● **GIVEN INFORMATION**:
BEGIN

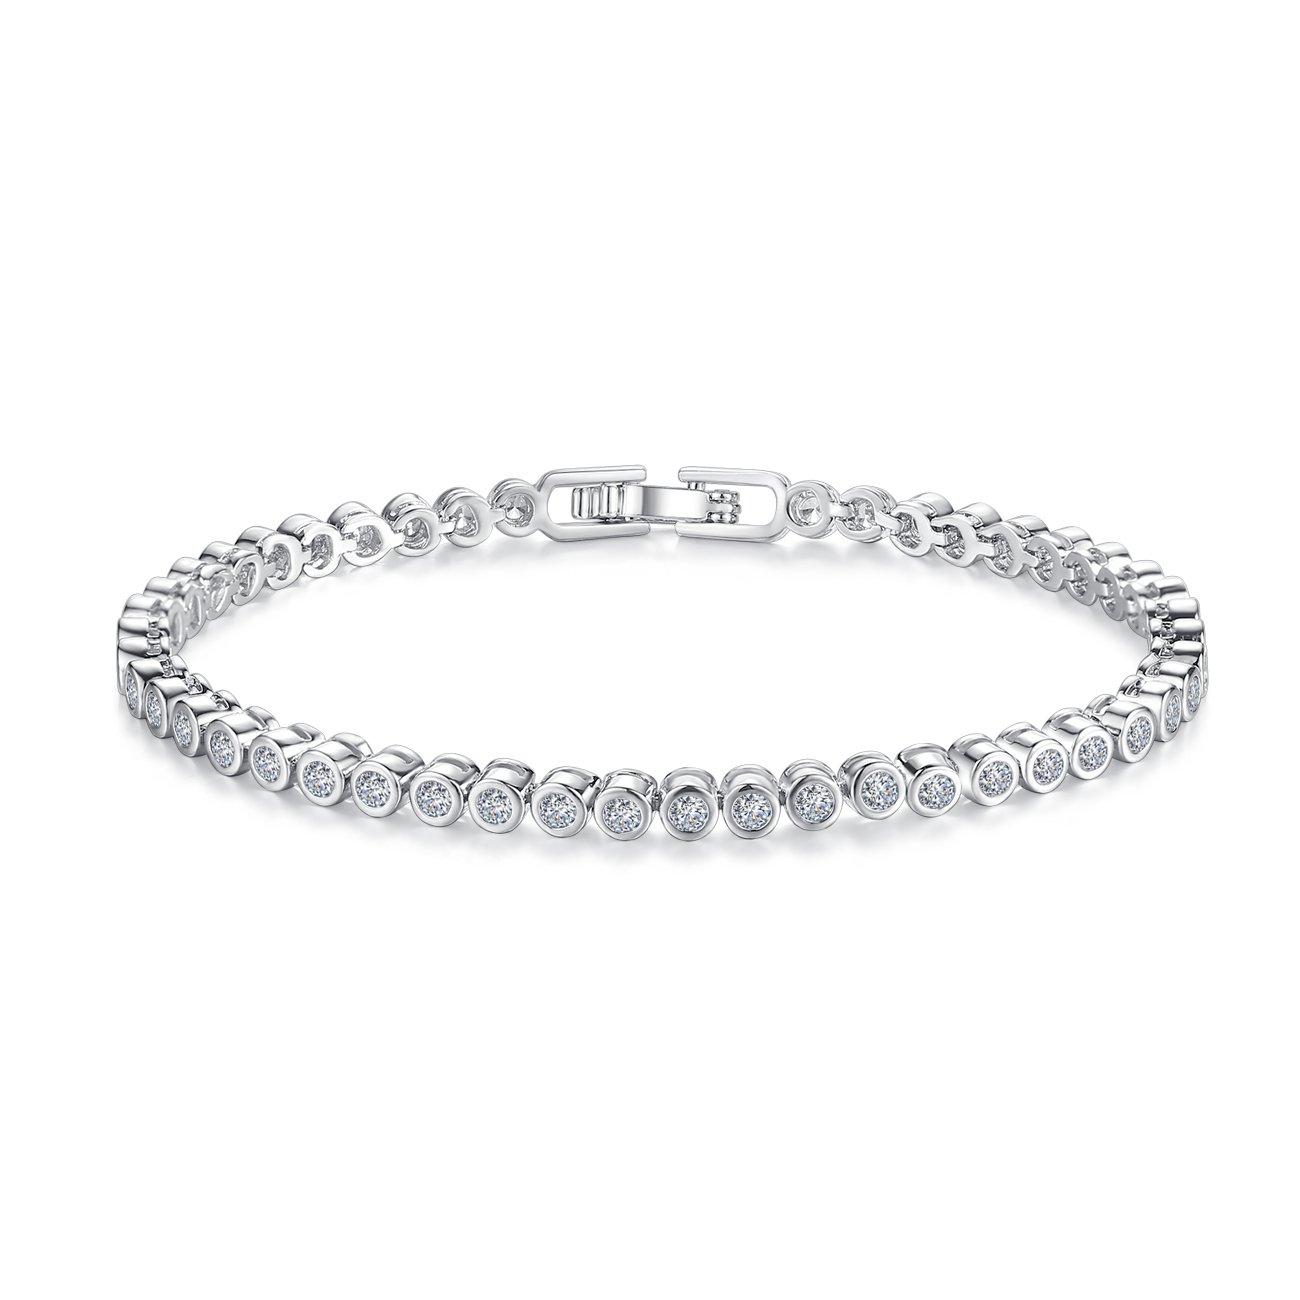 CZ Tennis Bracelets For Women - 18K Rhodium Plated Round Cut Women Jewelry, (6.7 in)
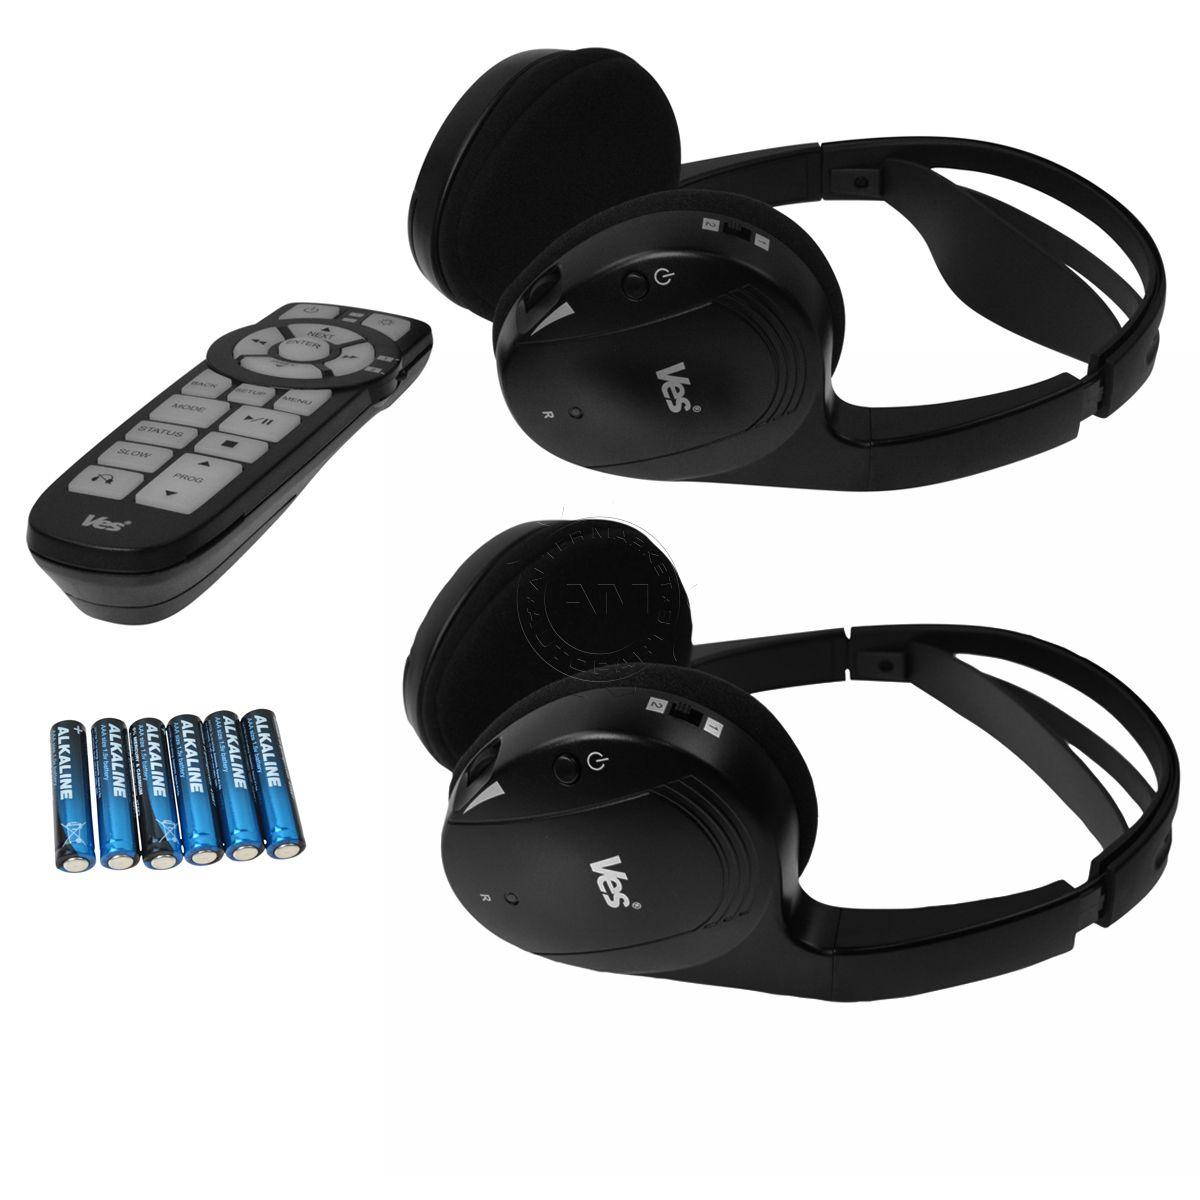 oem 82213176 ves wireless headphones remote control kit for chrysler rh ebay com Chrysler Parts Manuals 2010 Chrysler Manual
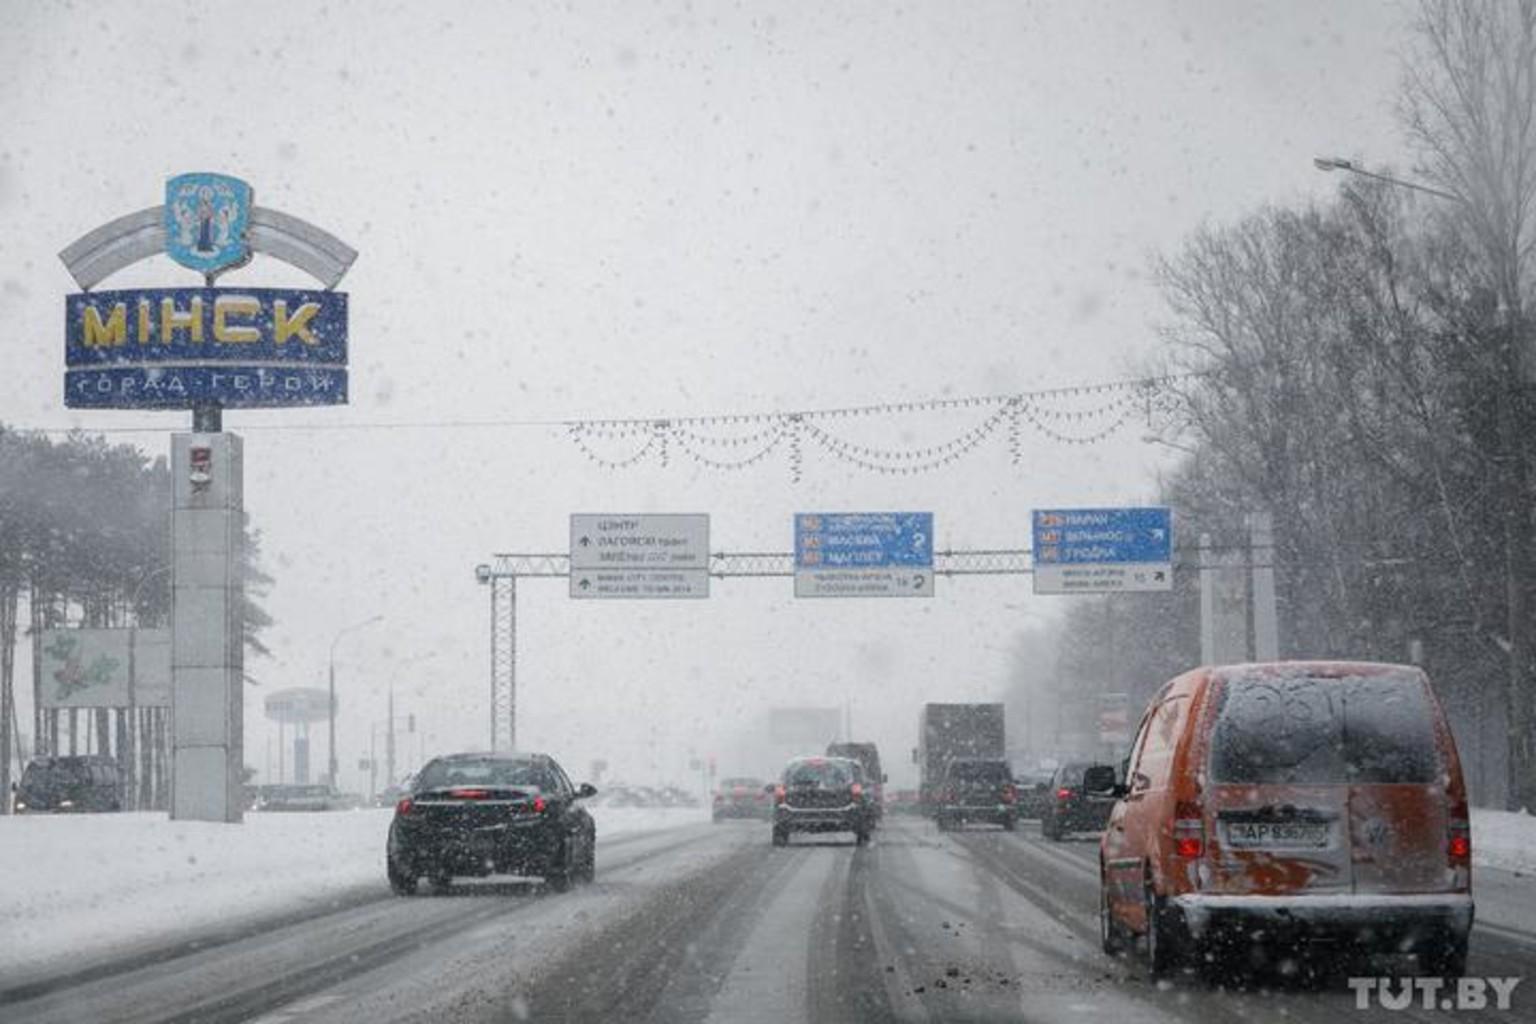 Snegopad doroga 20180302 shuk tutby phsl 9396

END

● **WHAT IS REQUIRED**:
In your copy, restate the data above word for word but leave out any picture.

● **FINISHED EXERCISE**:
 CZ Tennis Bracelets For Women - 18K Rhodium Plated Round Cut Women Jewelry, (6.7 in)
 oem 82213176 ves wireless headphones remote control kit for chrysler rh ebay com Chrysler Parts Manuals 2010 Chrysler Manual
 Snegopad doroga 20180302 shuk tutby phsl 9396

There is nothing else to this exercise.